• [Data extract]
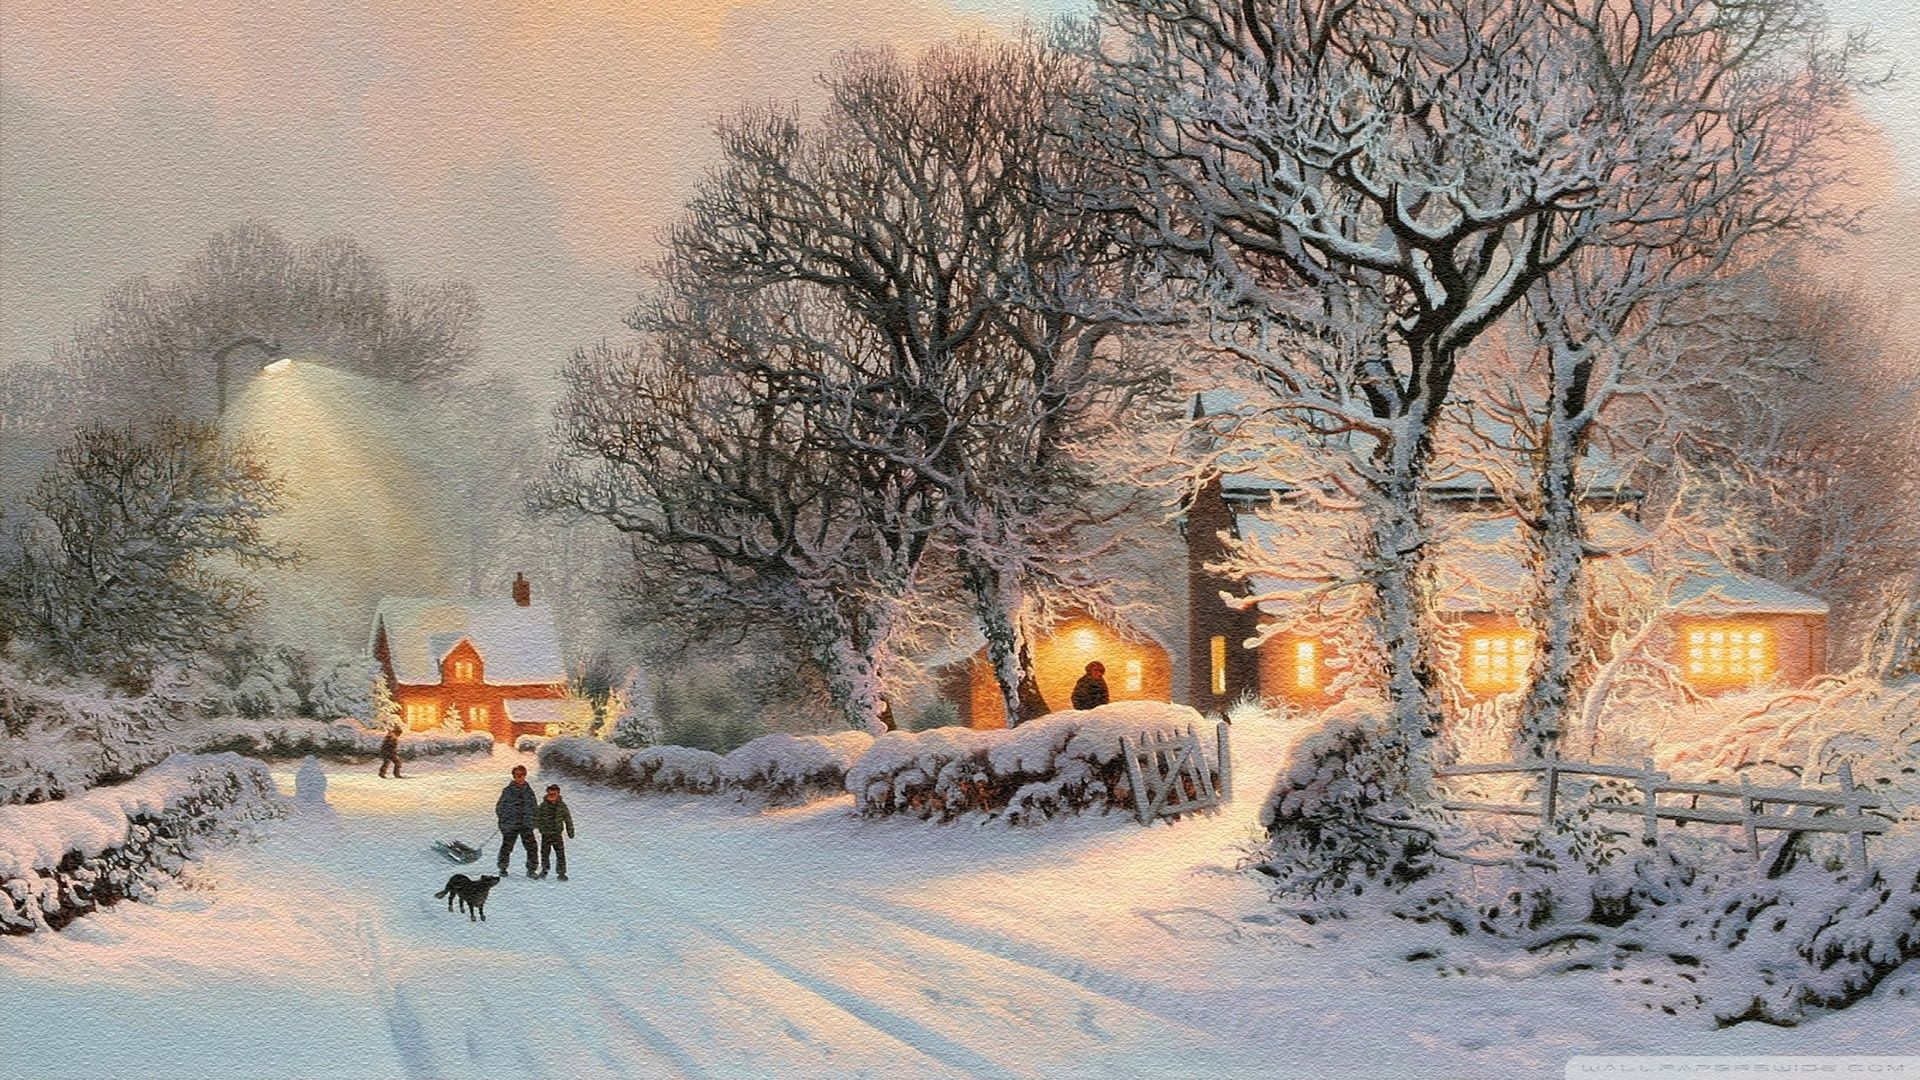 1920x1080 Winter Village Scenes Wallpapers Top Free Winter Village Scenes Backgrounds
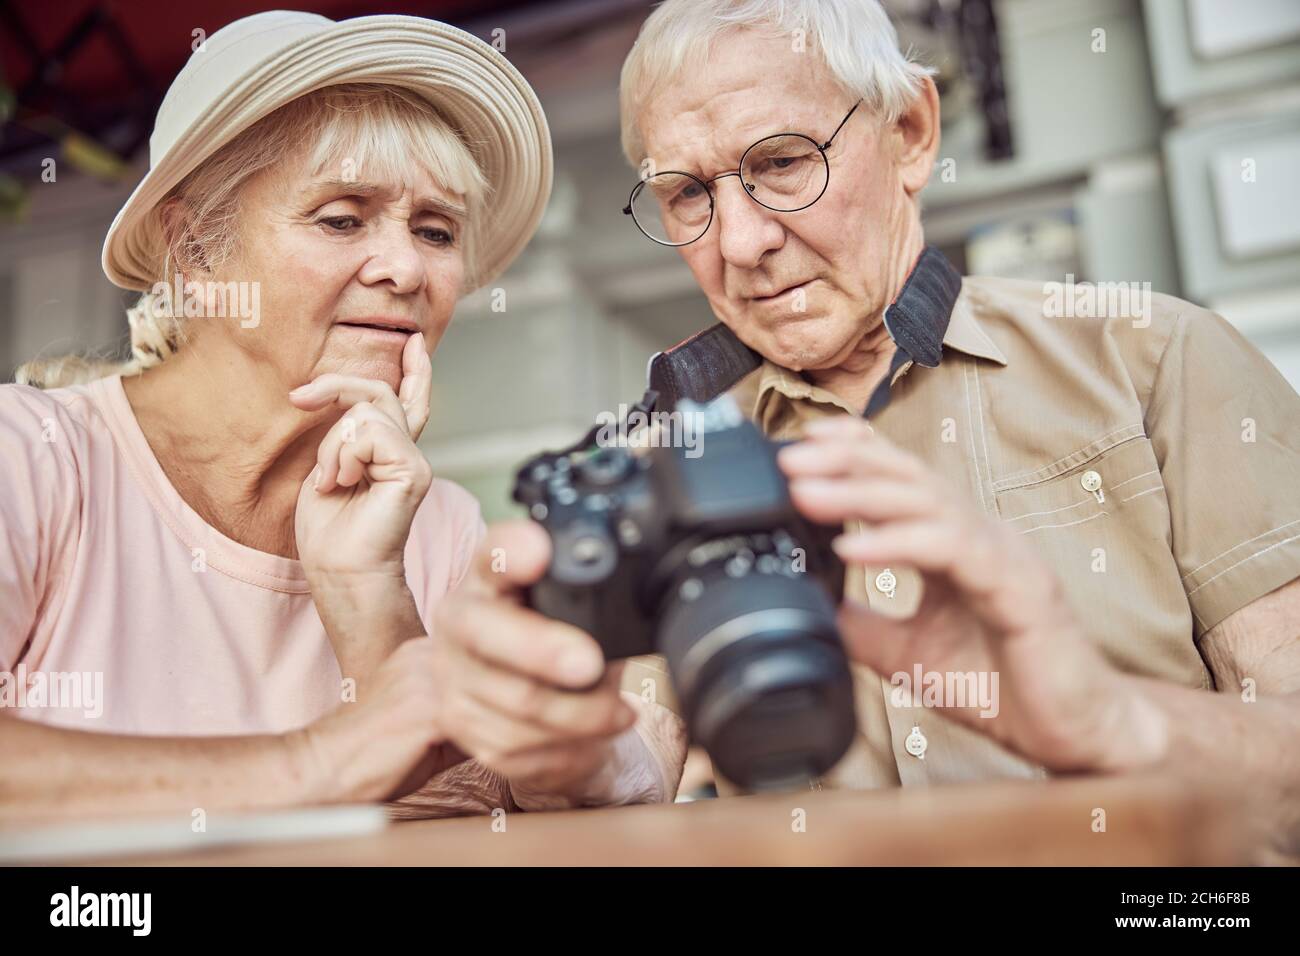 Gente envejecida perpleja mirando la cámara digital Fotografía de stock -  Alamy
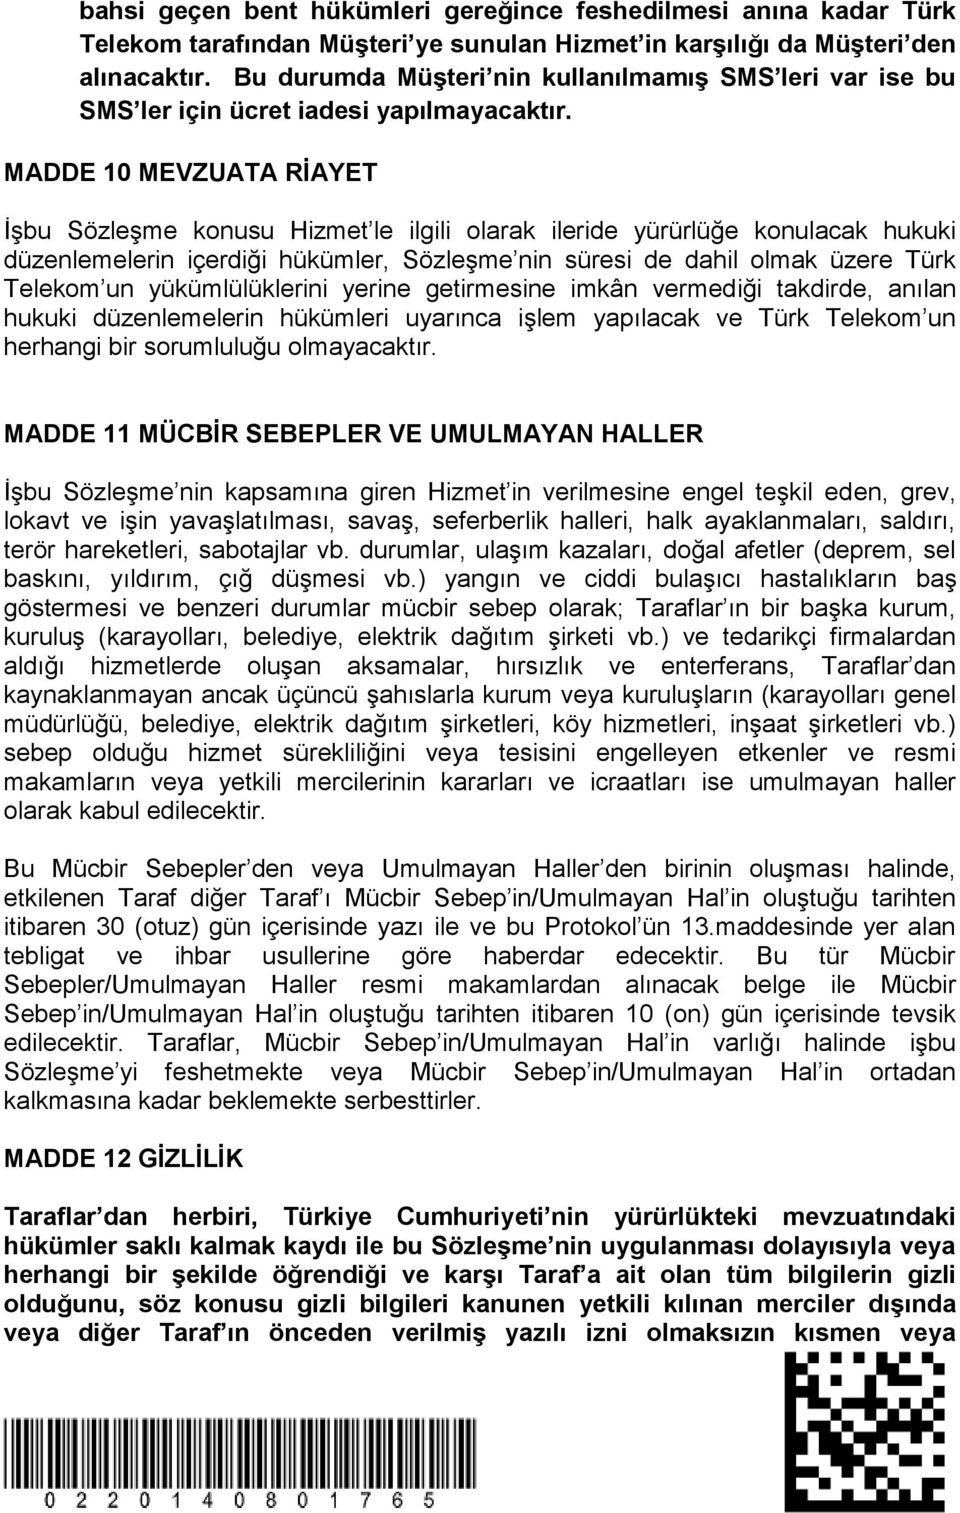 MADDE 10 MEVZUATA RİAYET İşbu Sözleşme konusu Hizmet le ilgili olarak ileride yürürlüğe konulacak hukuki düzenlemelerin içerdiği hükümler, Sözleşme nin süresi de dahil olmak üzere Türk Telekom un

• [Work task]
Leave every image out, and retype the material exactly.

• [Solved exercise]
 1920x1080 Winter Village Scenes Wallpapers Top Free Winter Village Scenes Backgrounds
 Gente envejecida perpleja mirando la cámara digital Fotografía de stock -  Alamy
 MADDE 10 MEVZUATA RİAYET İşbu Sözleşme konusu Hizmet le ilgili olarak ileride yürürlüğe konulacak hukuki düzenlemelerin içerdiği hükümler, Sözleşme nin süresi de dahil olmak üzere Türk Telekom un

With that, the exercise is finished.